We’re not sitting back, waiting for the rich world to fix what they created. Nauru is an active member of the global community, believing strongly that global solutions can be found to global problems such as climate change, fully committed to delivery of the United Nations’ Sustainable Development Goals.
Central to Nauru’s drive is regulation of the ocean that surrounds us, which could also help to secure a climate-safe future for all of us. The rules I’ve been preoccupied with have been drafted over the past decade by a UN body called the International Seabed Authority (ISA). When they are finalised next summer, they will provide a framework for the collection of mineral deposits called polymetallic nodules from the seafloor in a remote stretch of the Pacific, the Clarion-Clipperton Zone (CCZ).
The harvesting of these nodules – rocks about the size of a potato that lie scattered across the seabed – is often referred to as “deep-sea mining”. But, in stark contrast with land mining – which must remove material and alter the landscape to reach mineral deposits – these nodules can be lifted directly from the sea bottom.

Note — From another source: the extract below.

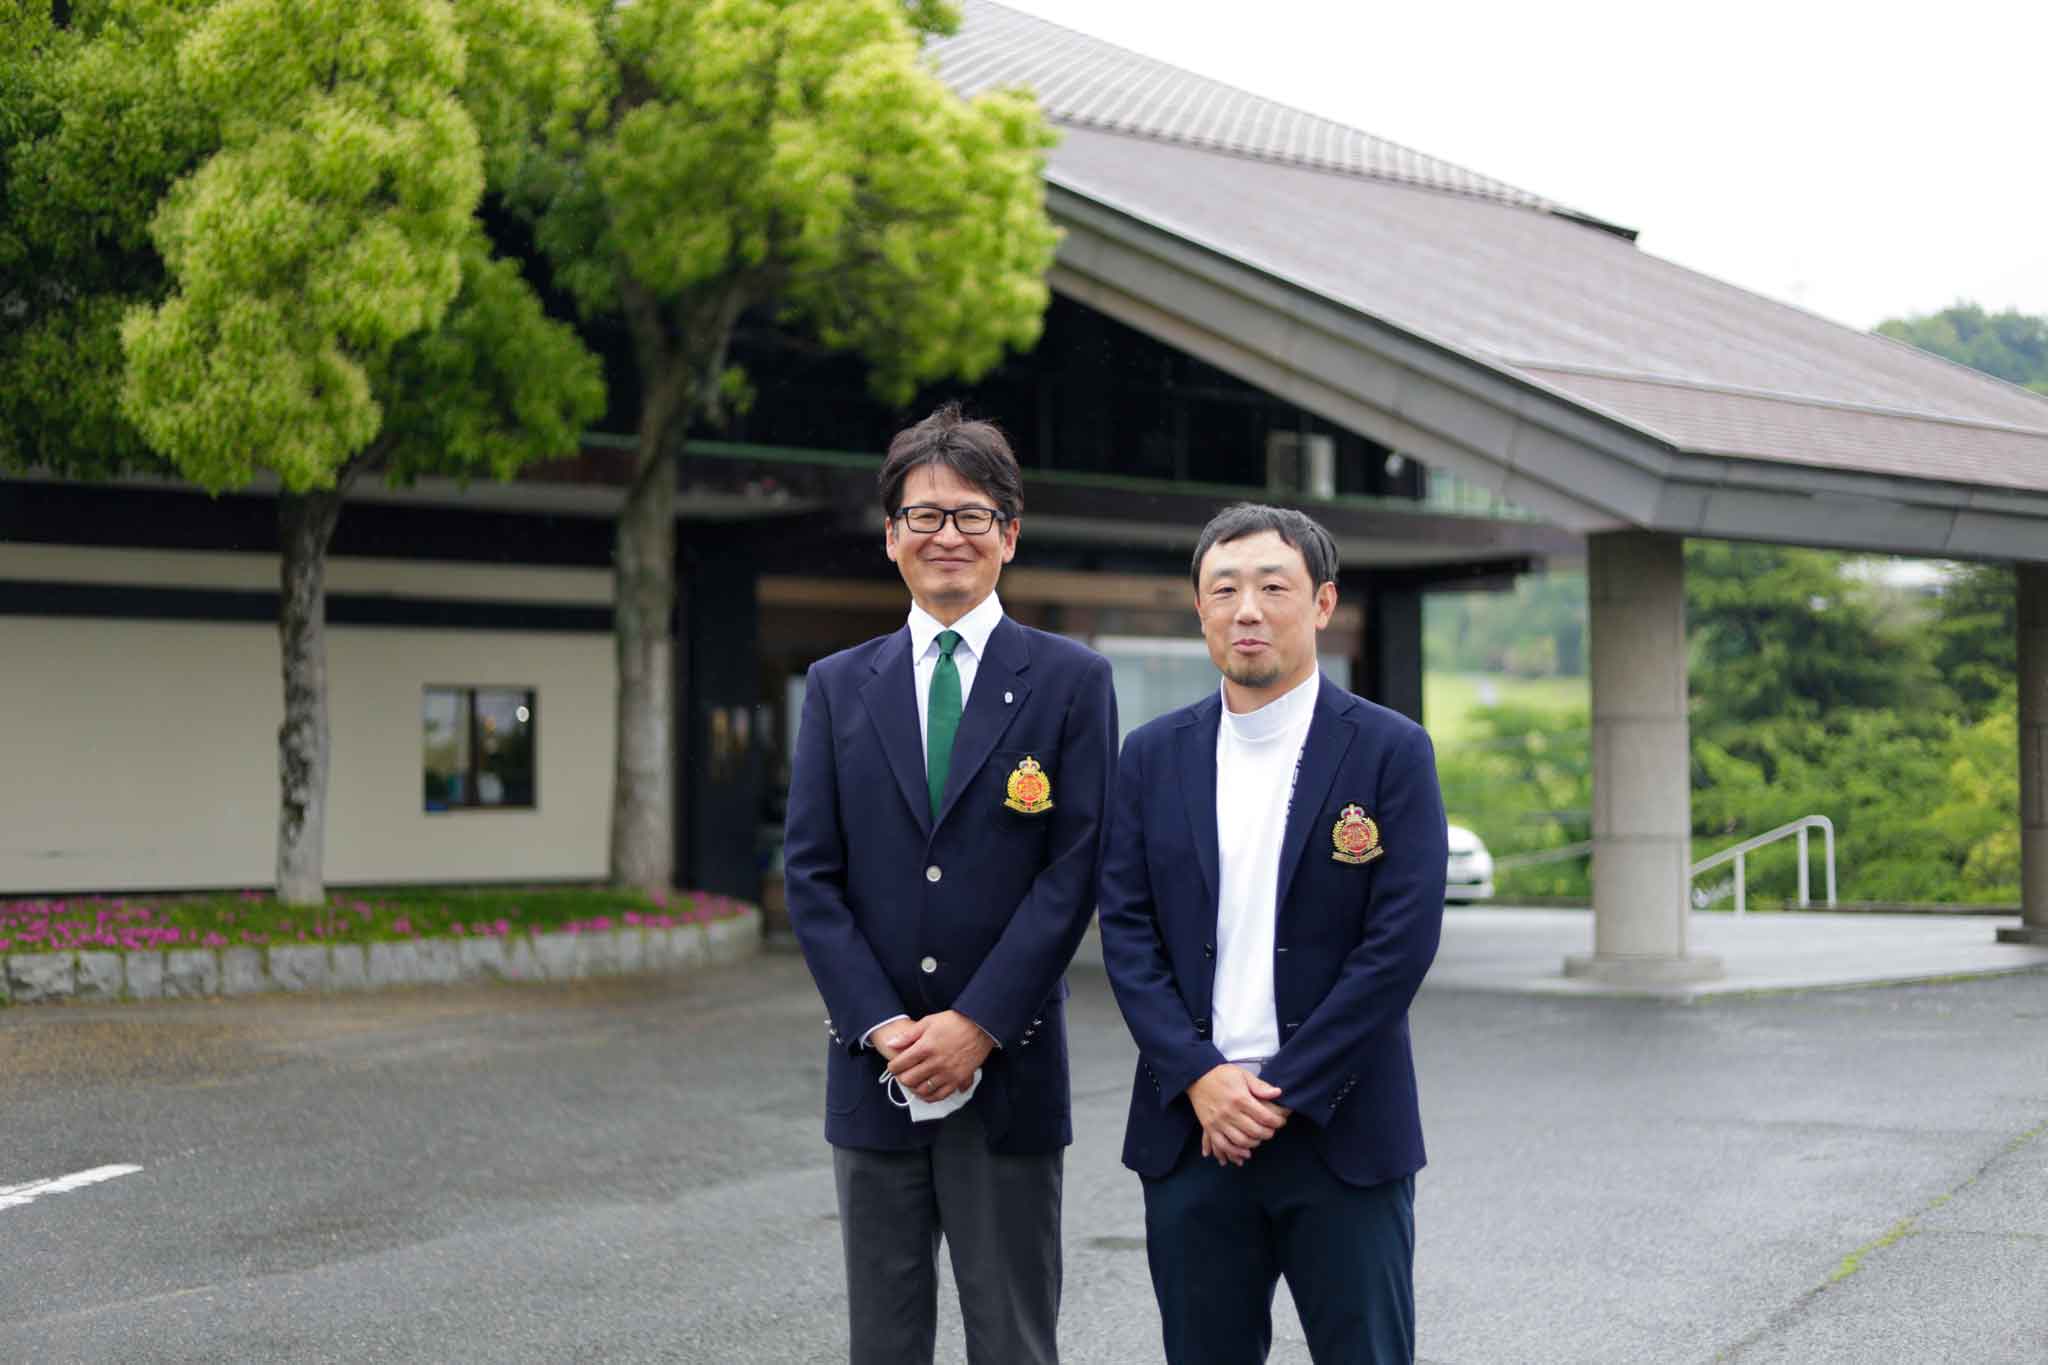 枚方国際ゴルフ倶楽部の玄関前で支配人と記念写真する平田雅也さん

Peer-reviewed studies repeatedly show that the impact of nodule collection on marine ecosystems pales in comparison with the impact of traditional mining on the environment.
Economists have estimated that demand for critical minerals found in these nodules and used in clean-energy technologies must rise by as much as 500 per cent by 2050 to meet climate targets. That’s because products used to reduce our carbon footprint, such as the batteries in electric vehicles, are made from these minerals. And while the impact of getting these minerals from the sea is minimal compared with land mining, there’s also a huge amount of it to go around.
Traditional mining companies are quietly rushing to survey and lay claim to areas of land in developing countries that contain these vital minerals; the coordinates for an energy future that exacerbates existing inequalities and repeats the past mistakes of colonialism are already taking shape.
The invasion of Ukraine has shown what can happen when we allow superpowers to monopolise energy supplies – and China has already cornered the market for the extraction and processing of key minerals required for decarbonisation, from Africa to southeast Asia and beyond.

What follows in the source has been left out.